Data:
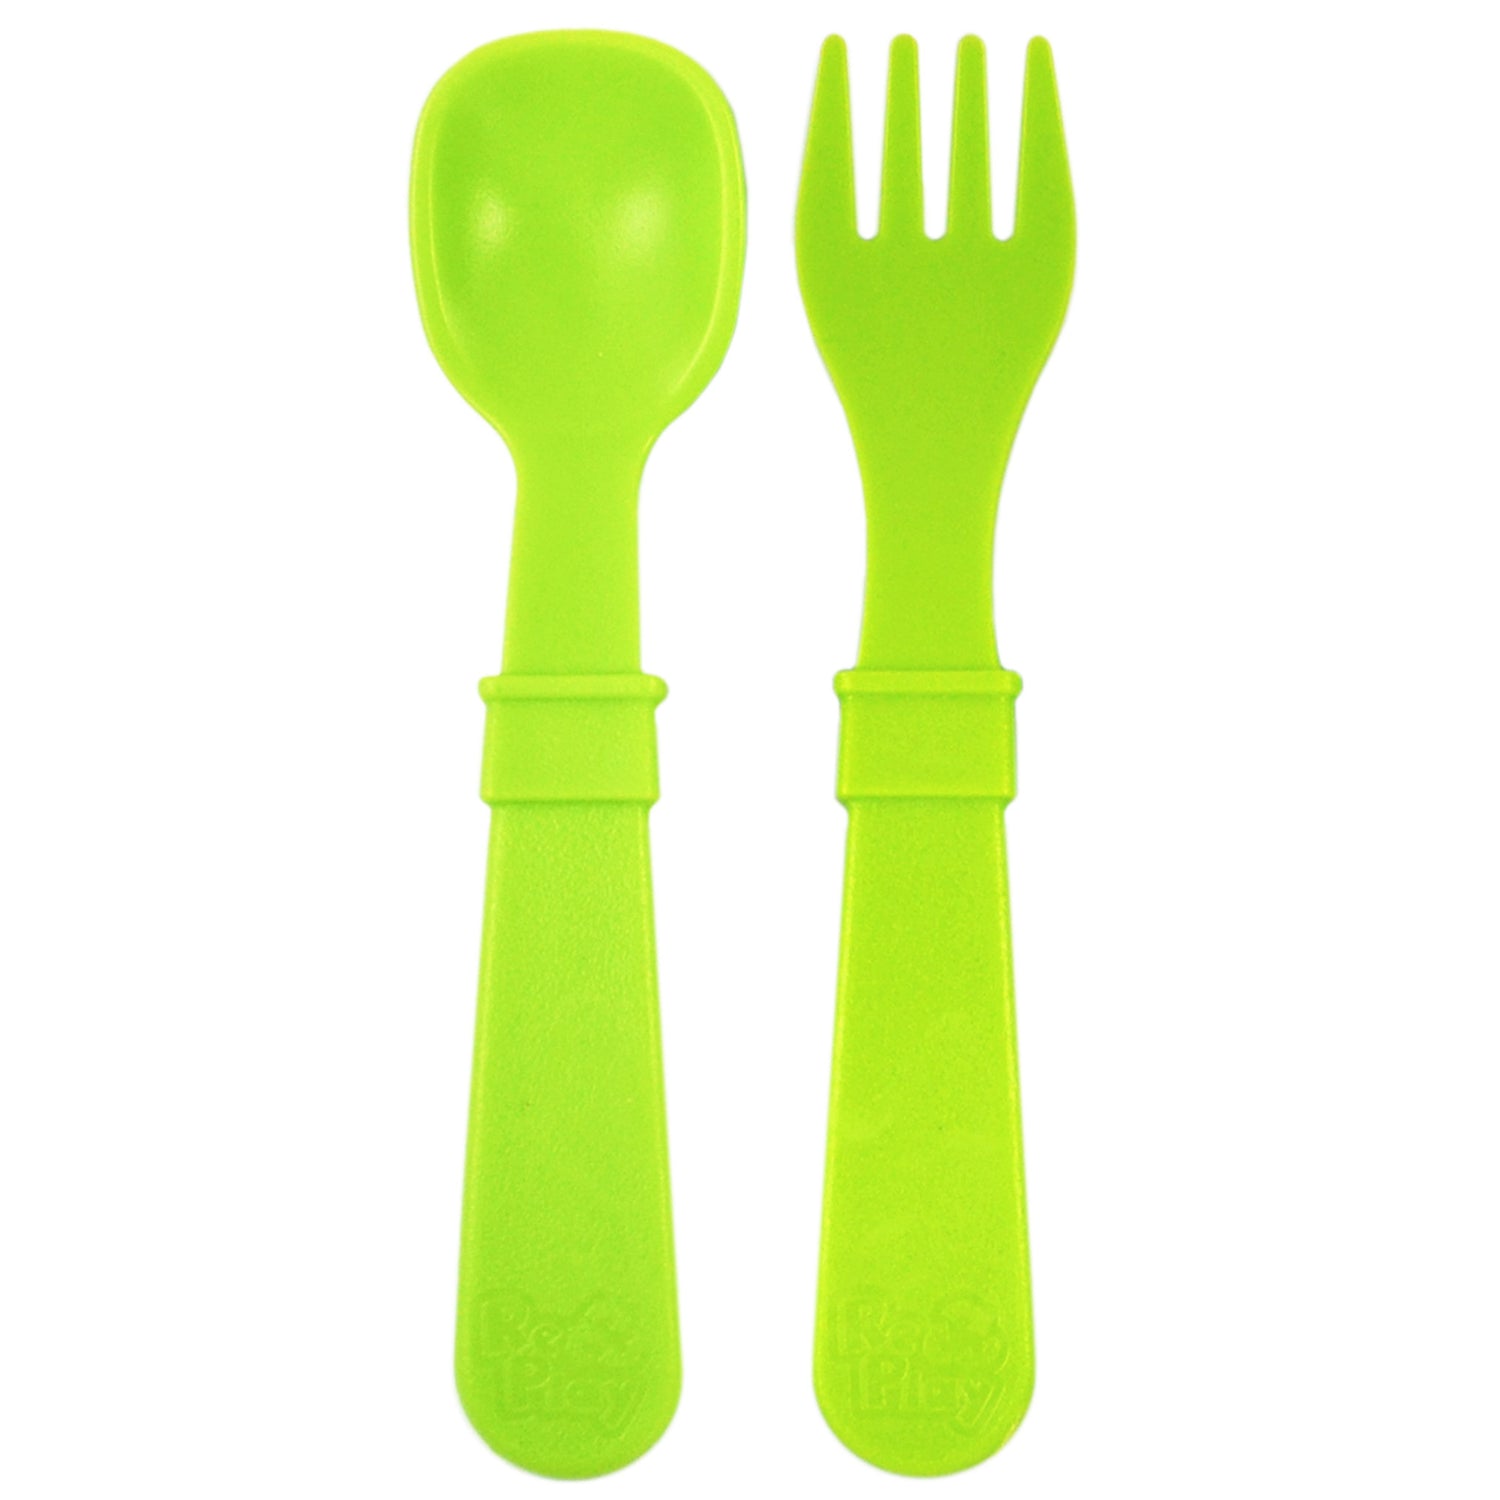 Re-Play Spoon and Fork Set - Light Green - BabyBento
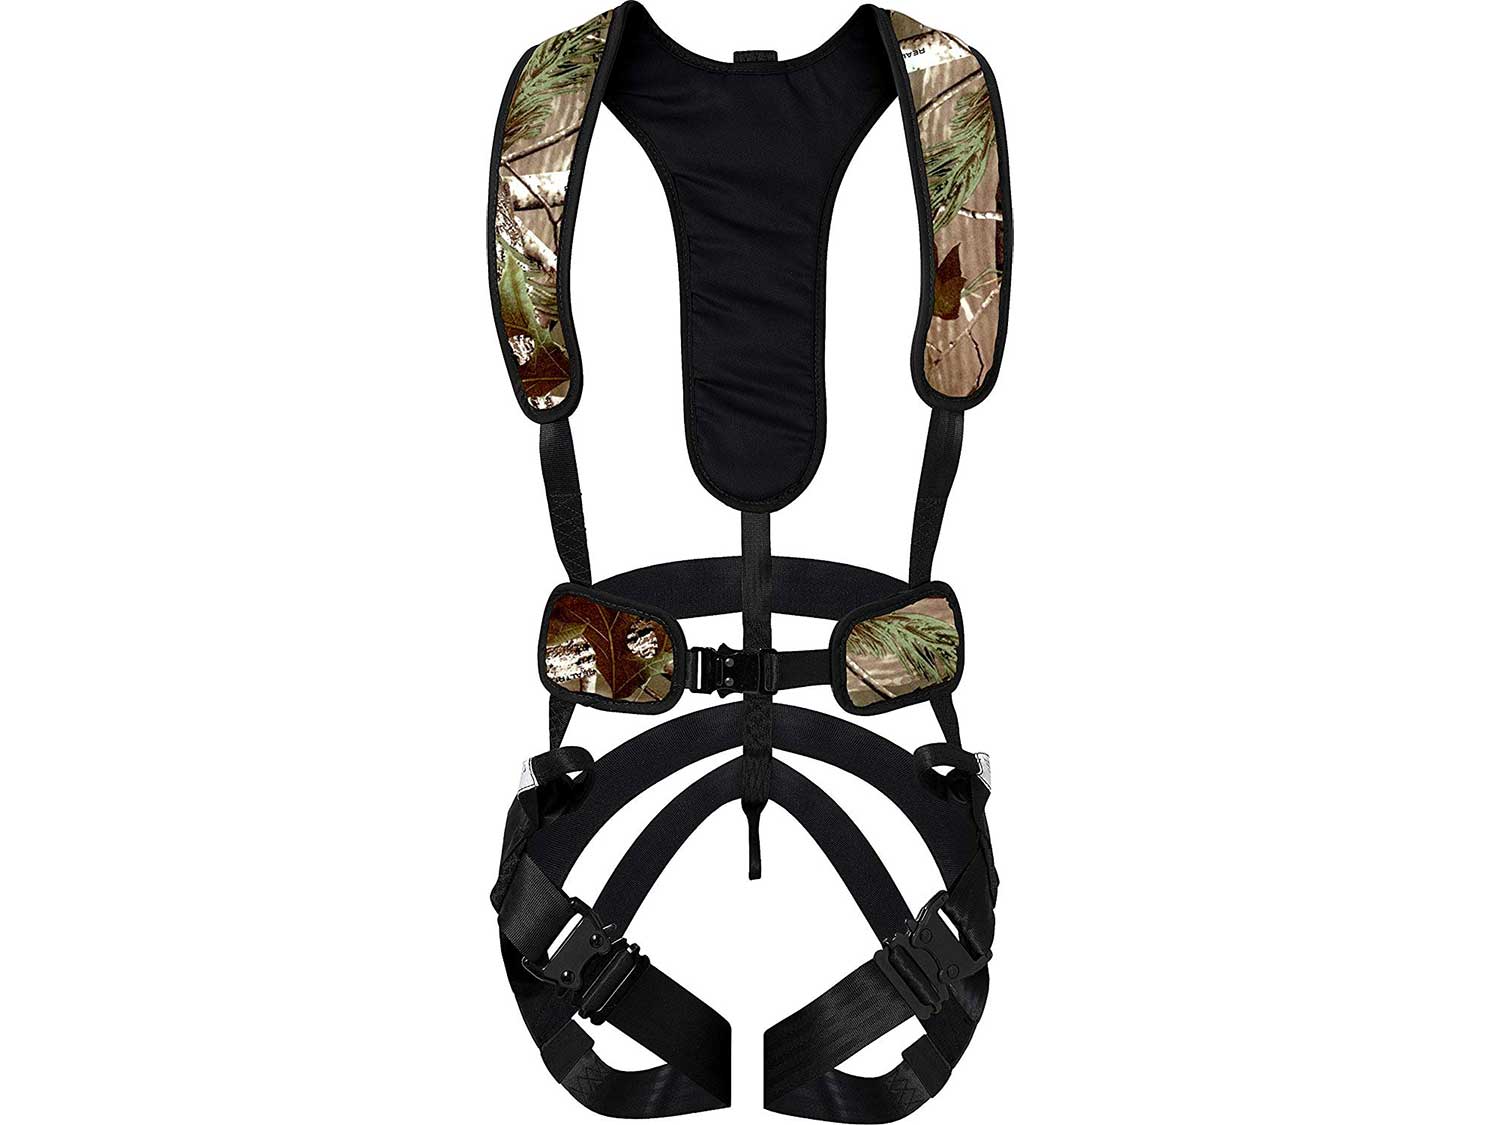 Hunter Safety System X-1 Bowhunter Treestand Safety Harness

==

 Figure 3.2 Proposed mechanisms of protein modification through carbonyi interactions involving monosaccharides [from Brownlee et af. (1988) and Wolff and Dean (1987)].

Directions: Copy out exactly the lines above beginning with the line that contains "Re-Play Spoon and" and finishing with the line that contains "Hunter Safety System", including both; leave the pictures out.

Written answer:
 Re-Play Spoon and Fork Set - Light Green - BabyBento
 Hunter Safety System X-1 Bowhunter Treestand Safety Harness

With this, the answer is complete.